§ TASK TO CARRY OUT
Pictures are to be left out; every line from the one that holds "Revolution I Heart" to the end of the data is to be retyped exactly.

§ DATA BLOCK
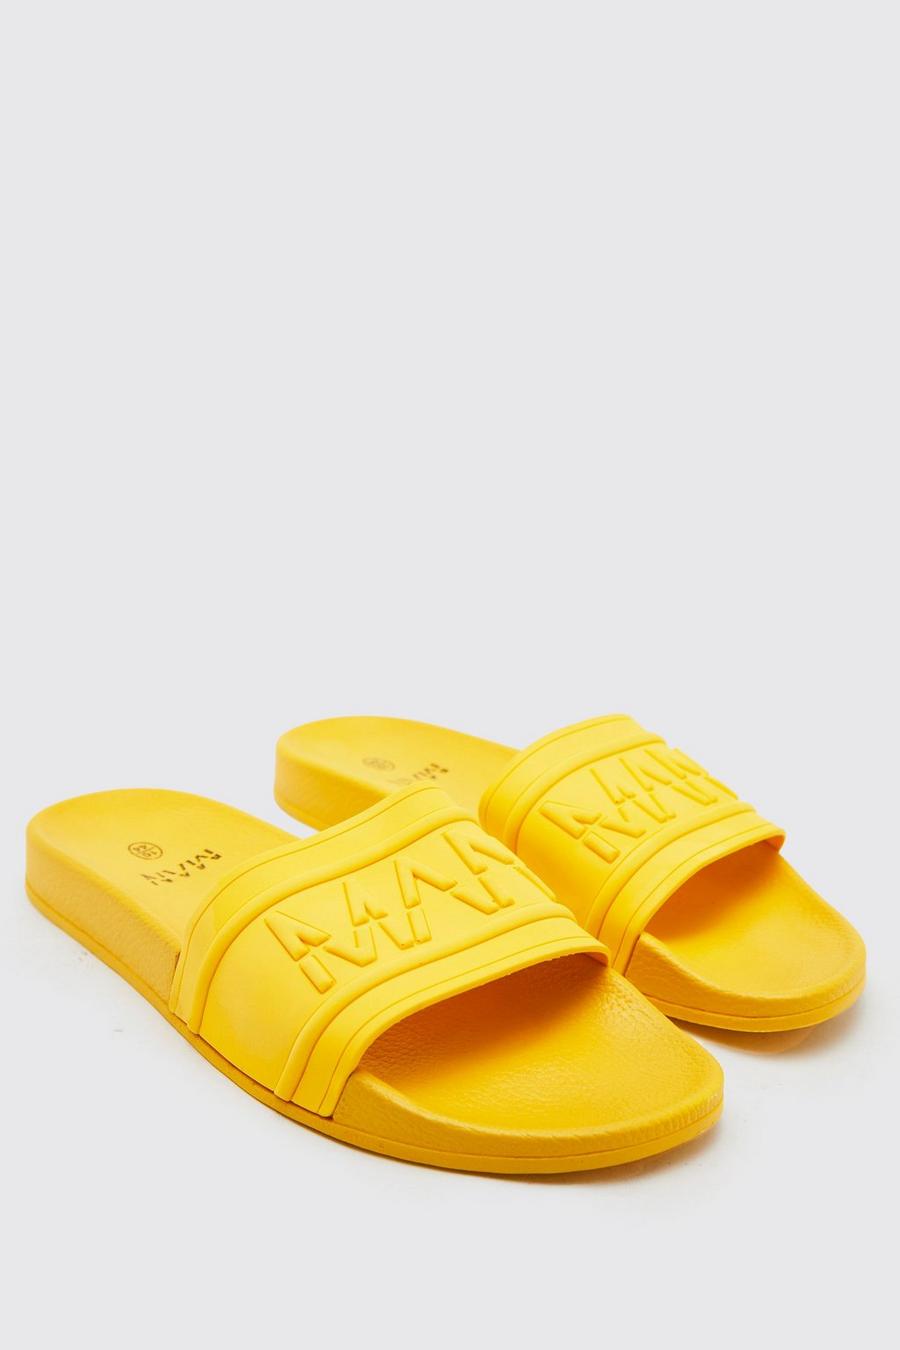 Yellow jaune Man Dash Slippers
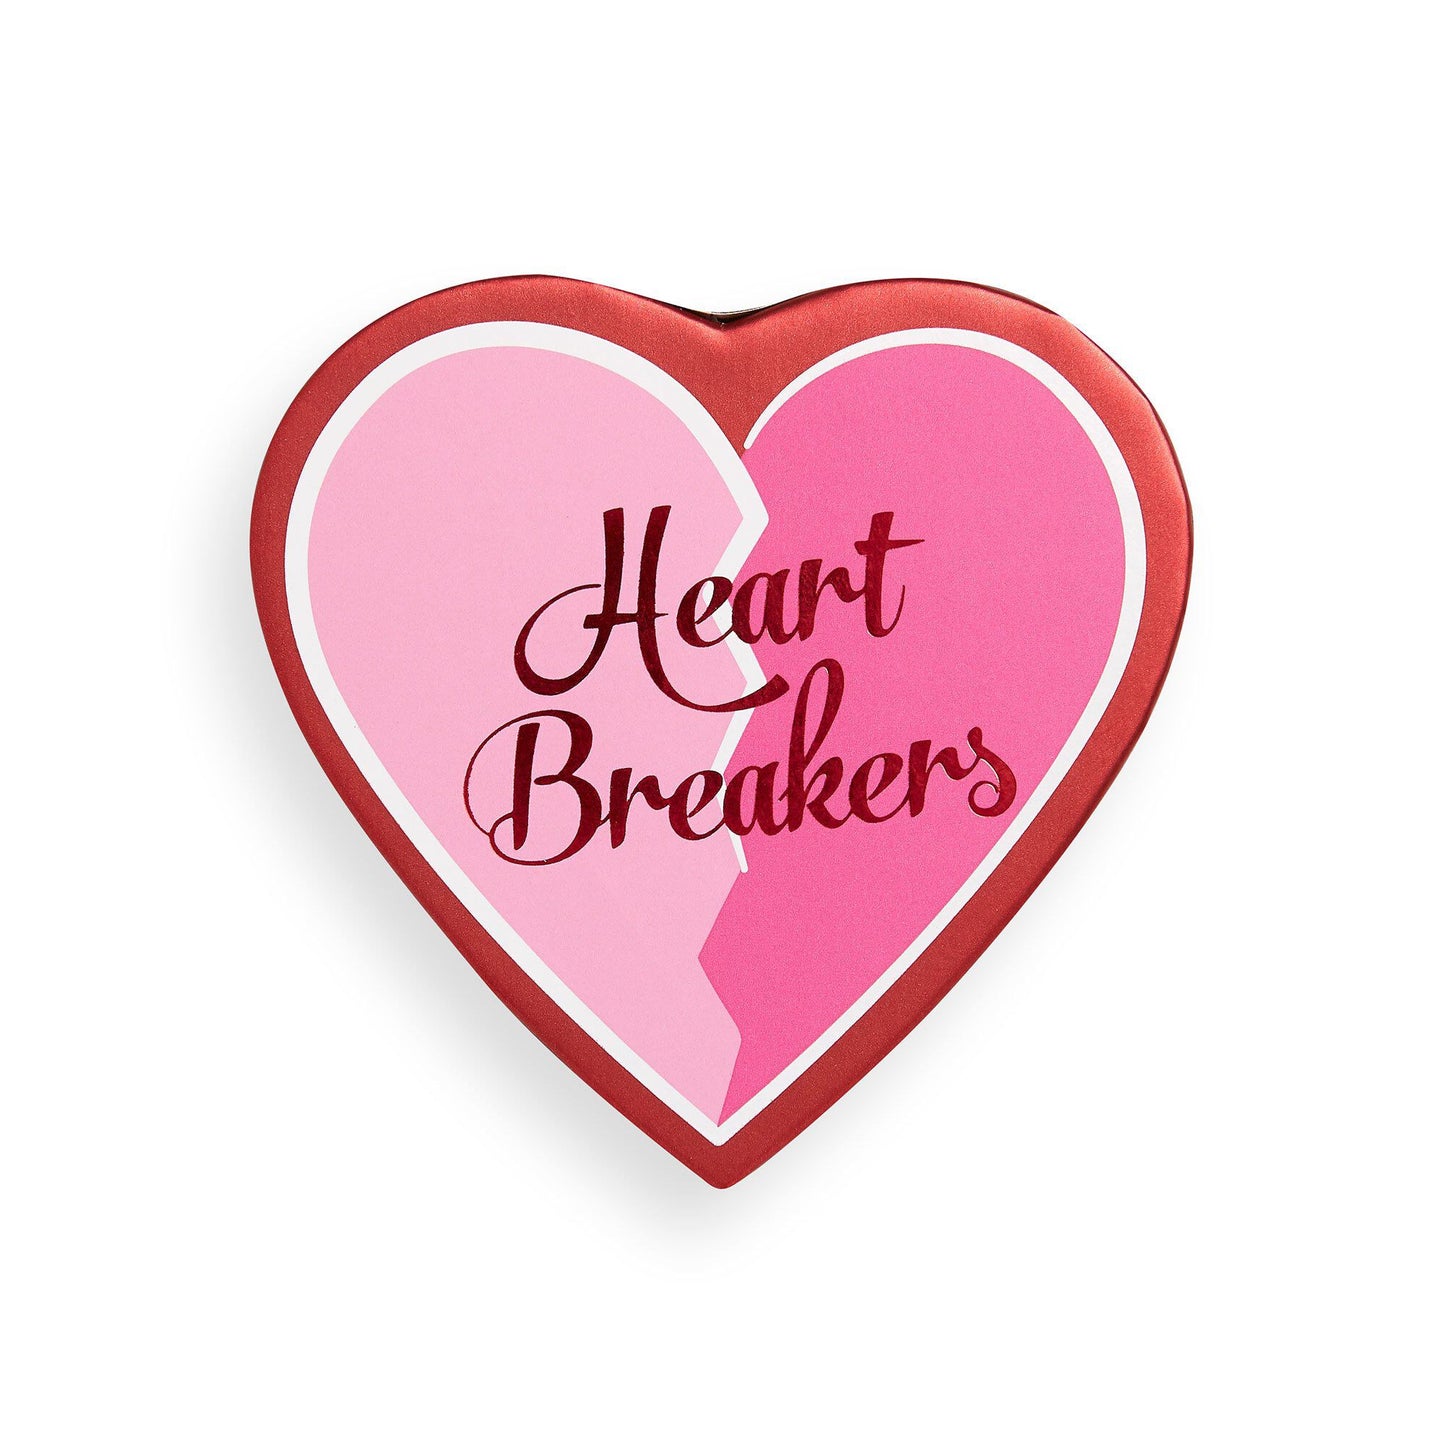 Revolution I Heart Revolution Heart Breakers Matte Blush Brave
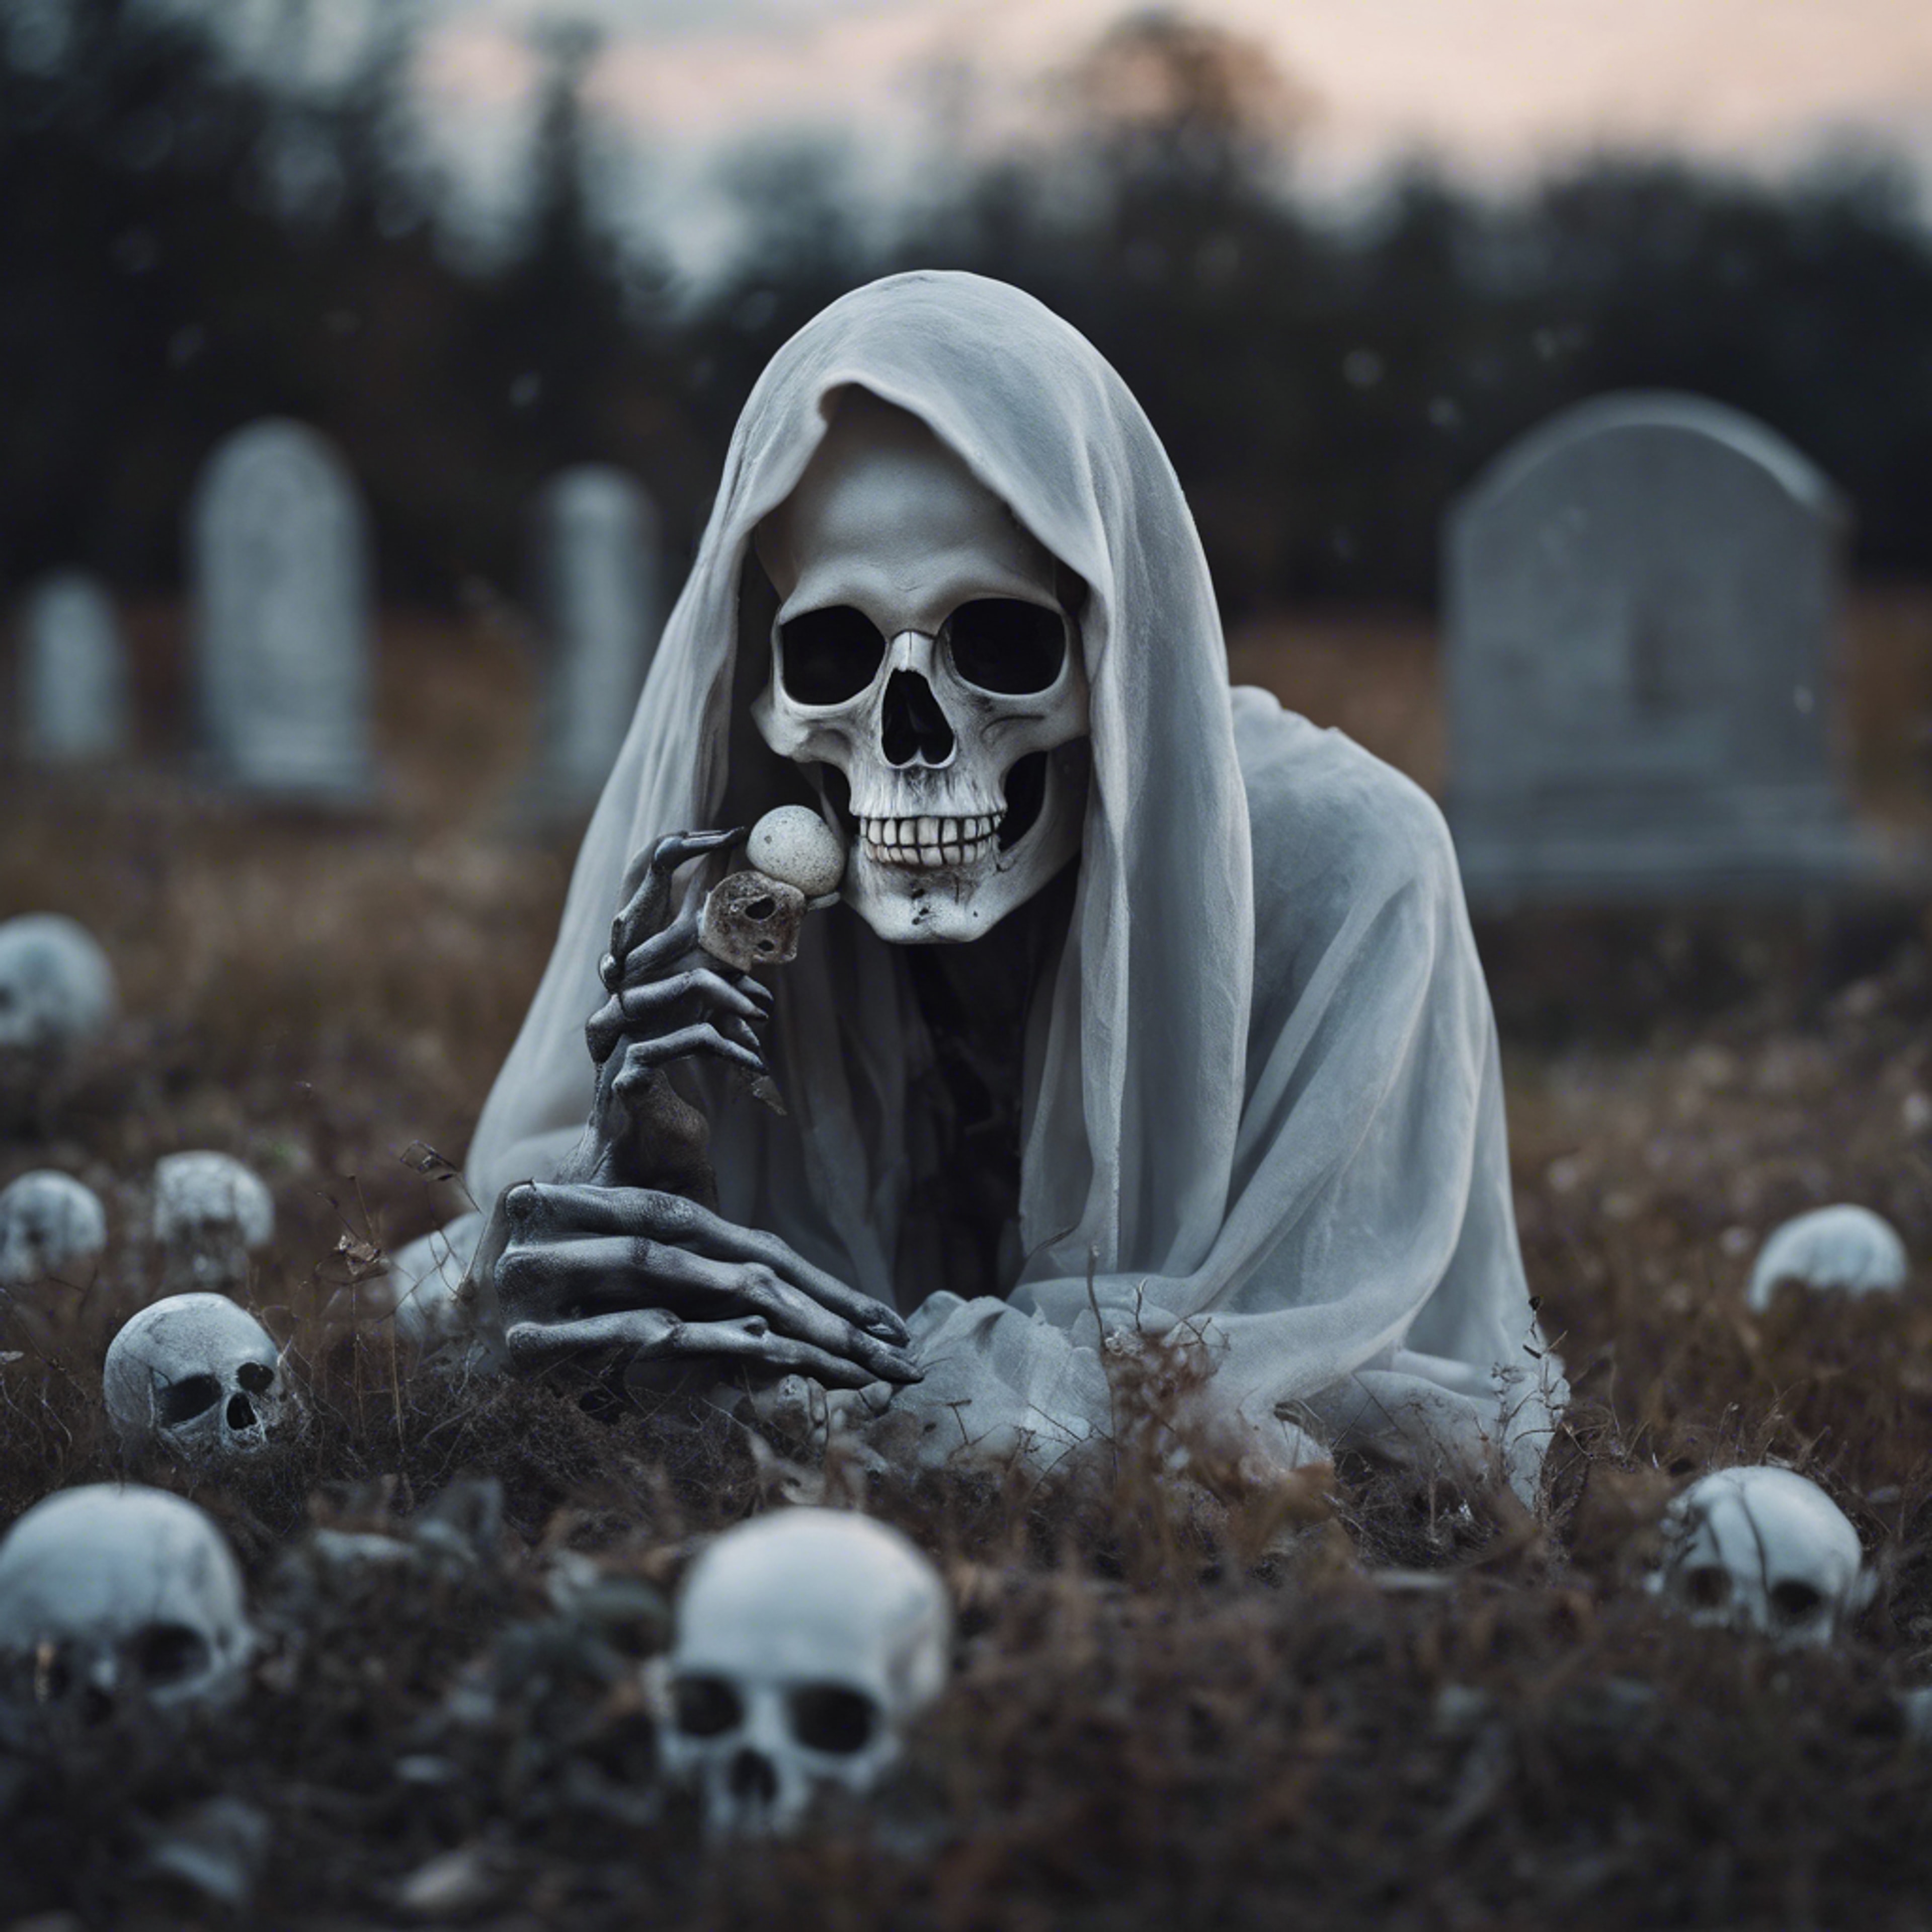 An ethereal ghost holding a gray skull in graveyard under the light of the full moon. duvar kağıdı[0d793a13818b4b628b9f]

§ RESULT OF THE TASK
 Revolution I Heart Revolution Heart Breakers Matte Blush Brave
 An ethereal ghost holding a gray skull in graveyard under the light of the full moon. duvar kağıdı[0d793a13818b4b628b9f]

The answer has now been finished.